§ REQUIRED WORK
The lines in the listing below are to be given again exactly, starting at the line holding "Tipos de influencers" and ending at the line holding "Page 7 of doujinshi". Do not include pictures.

§ DATA FOR THIS TASK
[Start of Attachment]

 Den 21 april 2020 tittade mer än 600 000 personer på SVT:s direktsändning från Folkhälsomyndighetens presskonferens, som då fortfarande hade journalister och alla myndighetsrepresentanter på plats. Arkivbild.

[End of Attachment]
[Start of Attachment]

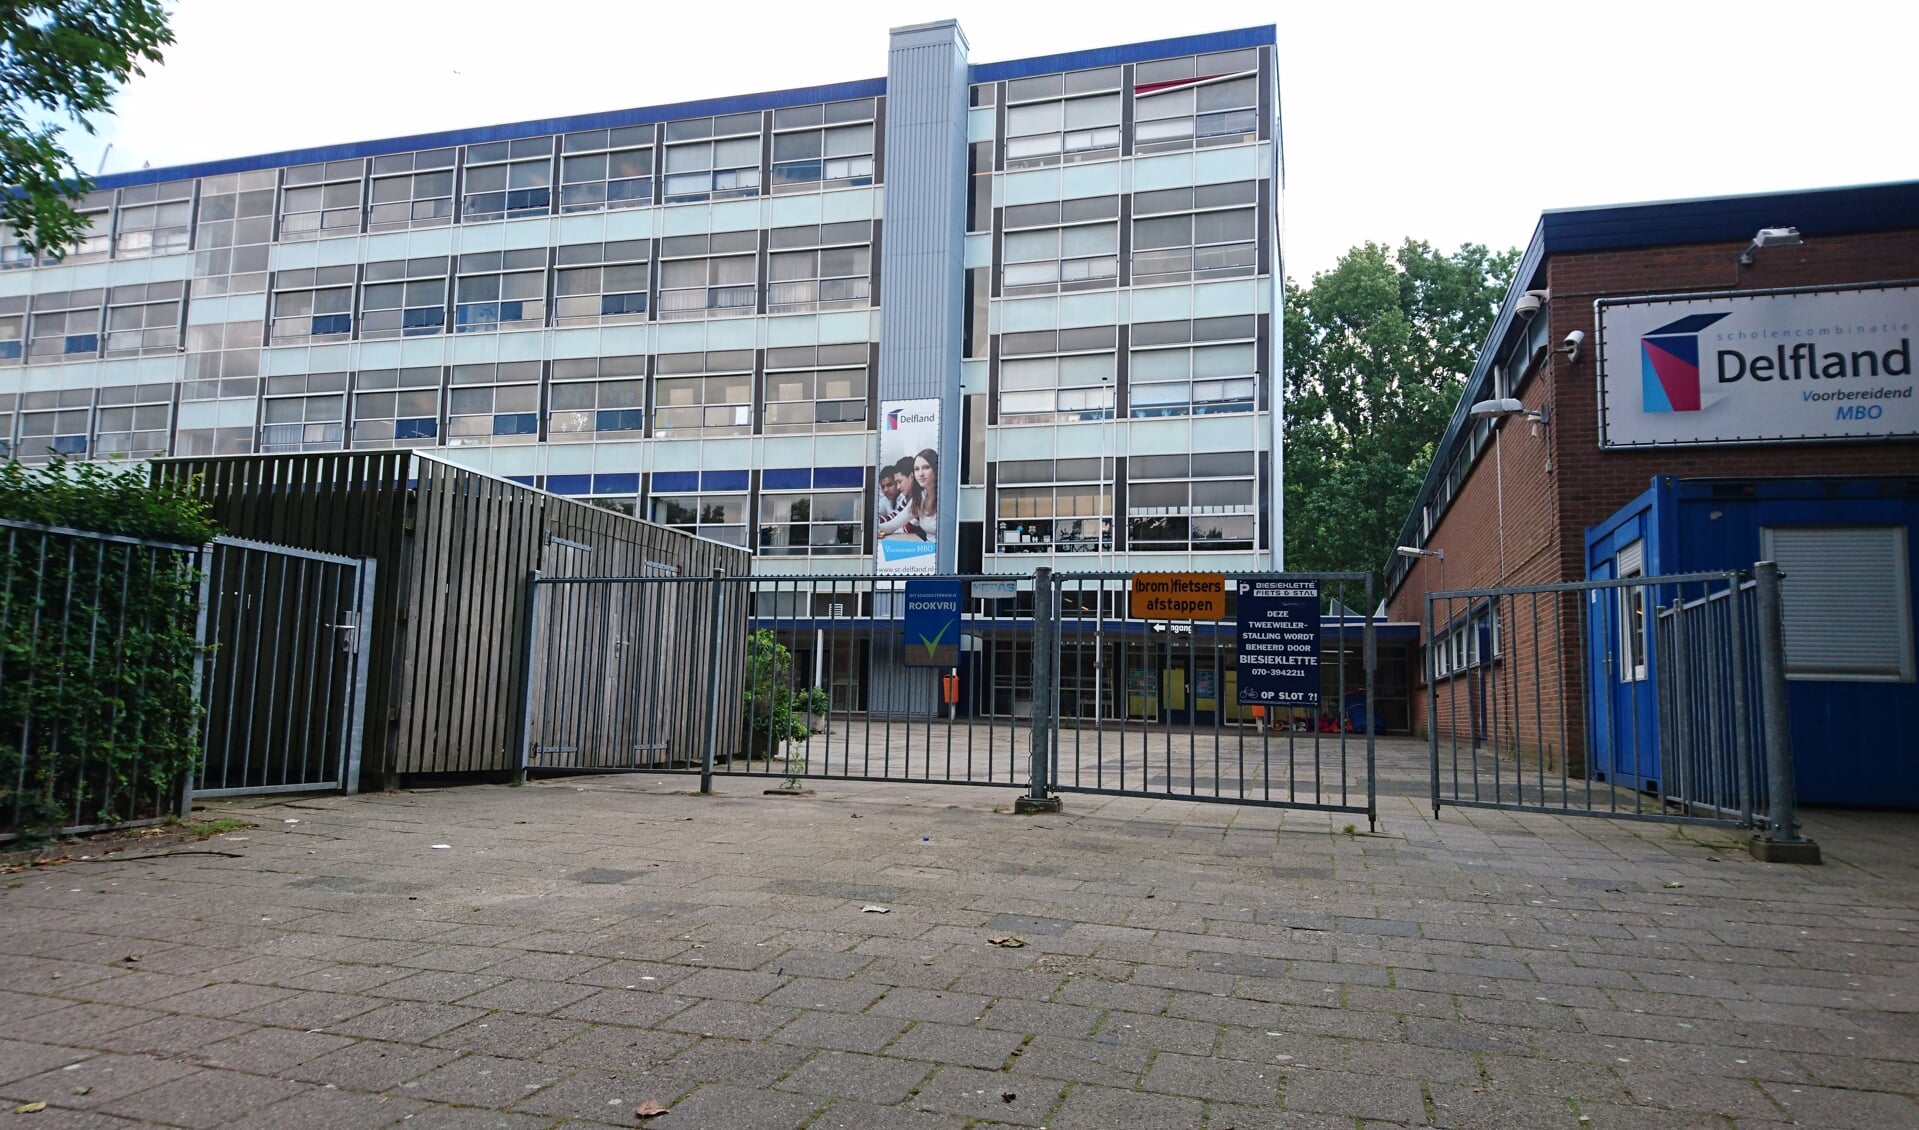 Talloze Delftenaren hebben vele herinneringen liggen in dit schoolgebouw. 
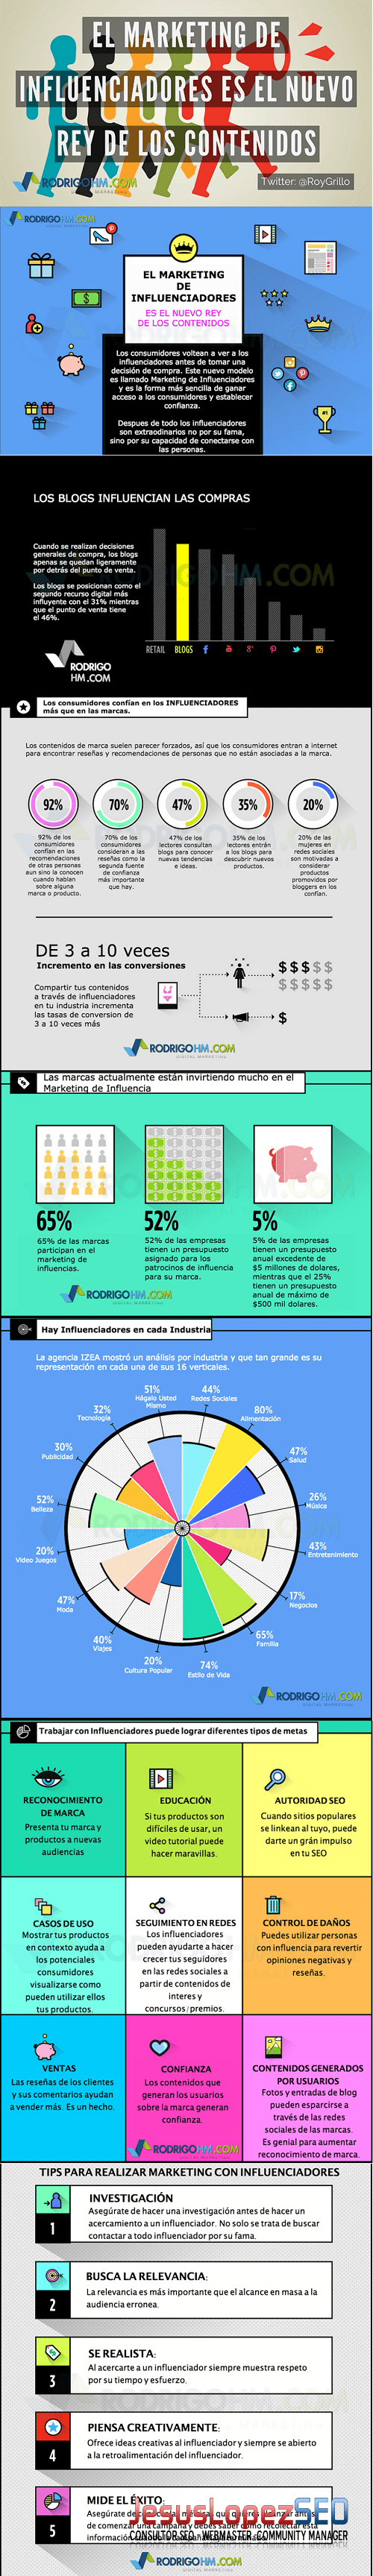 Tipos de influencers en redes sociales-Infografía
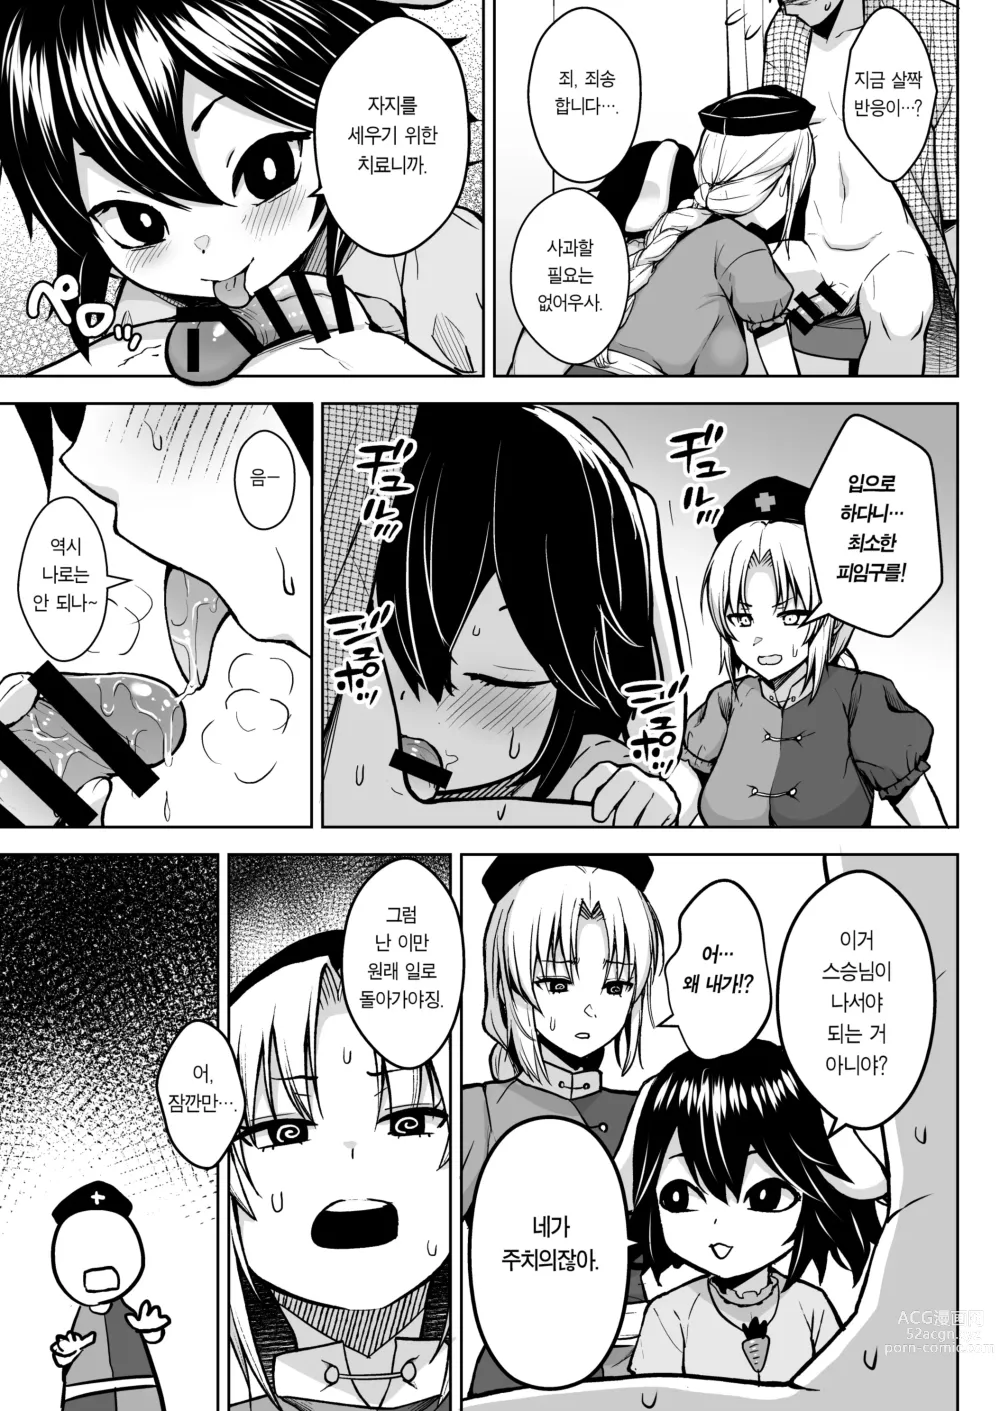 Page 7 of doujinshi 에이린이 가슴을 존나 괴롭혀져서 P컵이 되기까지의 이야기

[End of Attachment]

§ SOLUTION FOR THIS PROBLEM
 Tipos de influencers en redes sociales-Infografía
 Page 7 of doujinshi 에이린이 가슴을 존나 괴롭혀져서 P컵이 되기까지의 이야기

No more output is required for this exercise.